Cosmology and dark matter
Cosmology and astroparticle physics give the strongest possible evidence for the incompleteness of the Standard Model of particle physics. Leaving aside the mysterious dark energy, which may or may not be just the cosmological constant, two properties of the Universe cannot be explained by the Standard Model: dark matter and matter-antimatter asymmetry. Dark matter particles may well be discovered in foreseeable future; this issue is under intense experimental investigation. Theoretical hypotheses on the nature of the dark matter particles are numerous, so we concentrate on several well motivated candidates, such as weakly interacting massive particles, axions and sterile neutrinos, and also give examples of less motivated and more elusive candidates such as fuzzy dark matter.

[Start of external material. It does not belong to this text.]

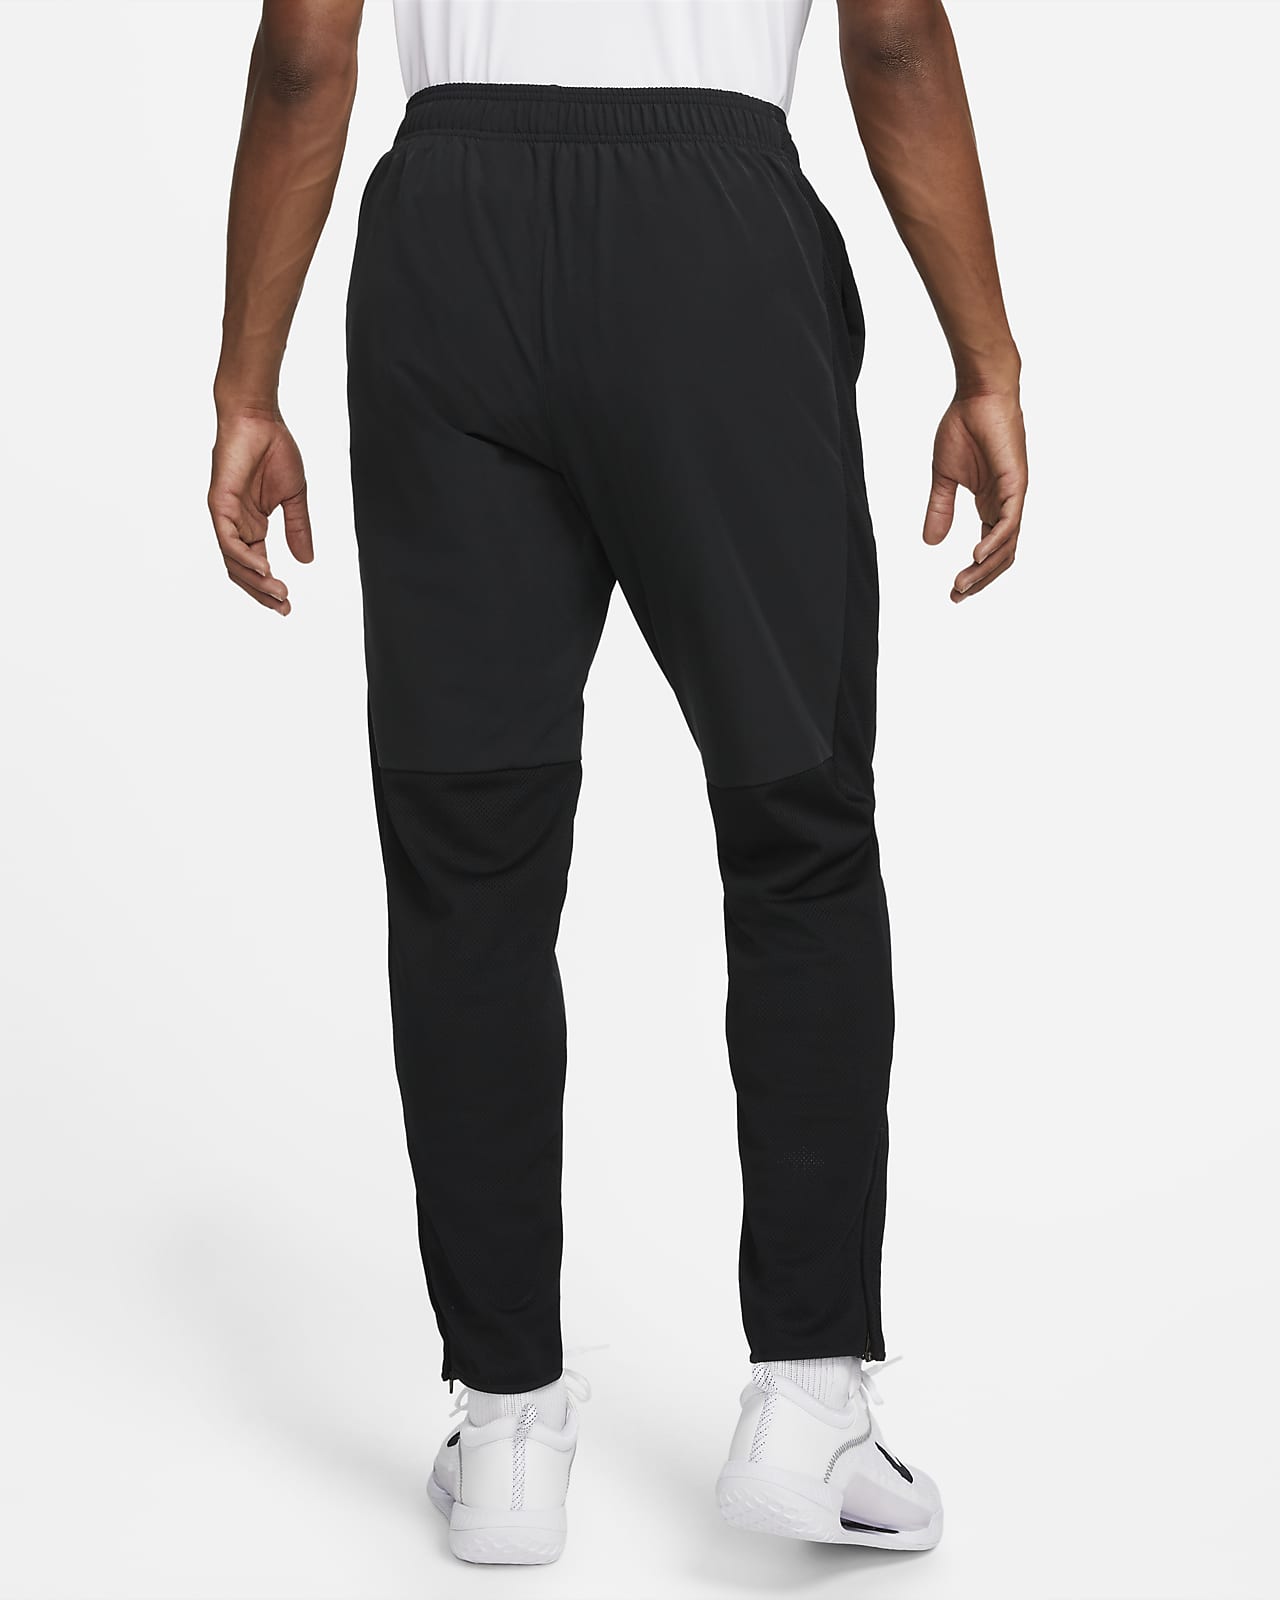 TENNIS TROUSERS
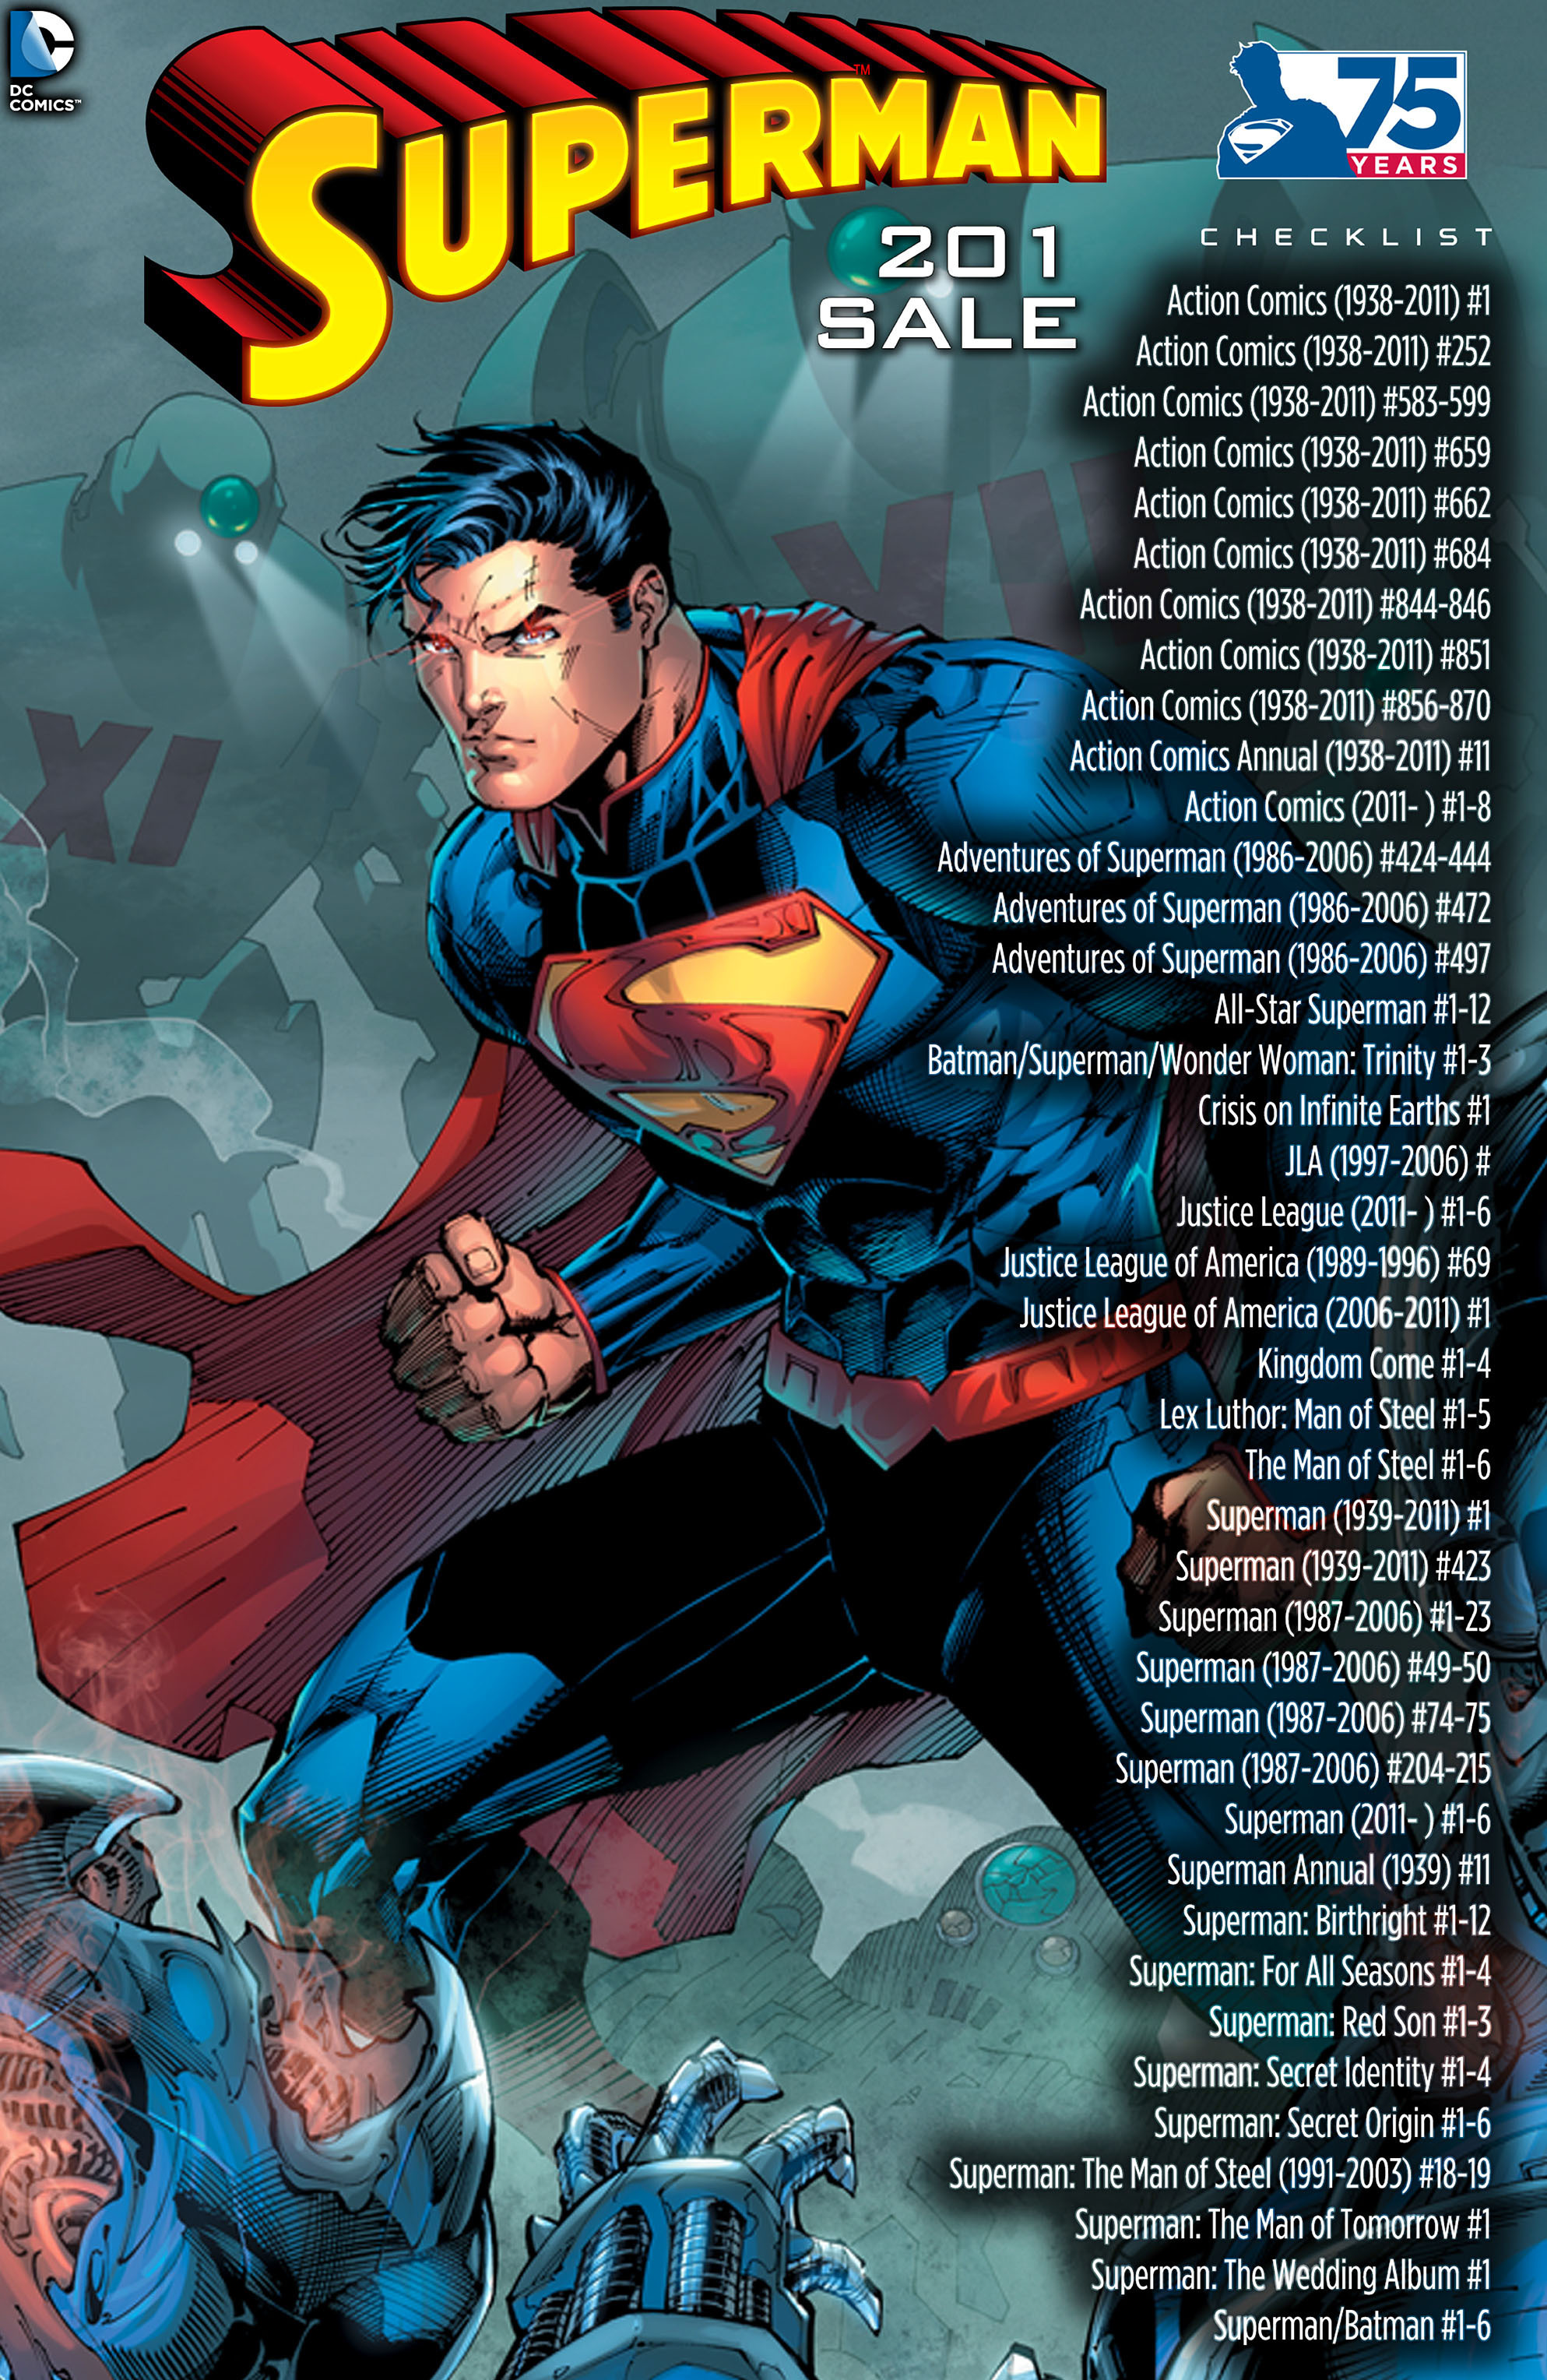 Read online Superman (2011) comic -  Issue # _Special - Superman 201 - 3

This gives an idea of the spectrum of conceivable dark matter candidates, while certainly not exhausting it. We then consider the matter-antimatter asymmetry and discuss whether it may result from physics at 100 GeV–TeV scale. Finally, we turn to the earliest epoch of the cosmological evolution.
Although the latter topic does not appear immediately related to contemporary particle physics, it is of great interest due to its fundamental nature. We emphasize that the cosmological data, notably, on cosmic microwave background anisotropies, unequivocally show that the well understood hot stage was not the earliest one. The best guess for the earlier stage is inflation, which is consistent with everything known to date; however, there are alternative scenarios. We discuss the ways to study the earliest epoch, with emphasis on future cosmological observations.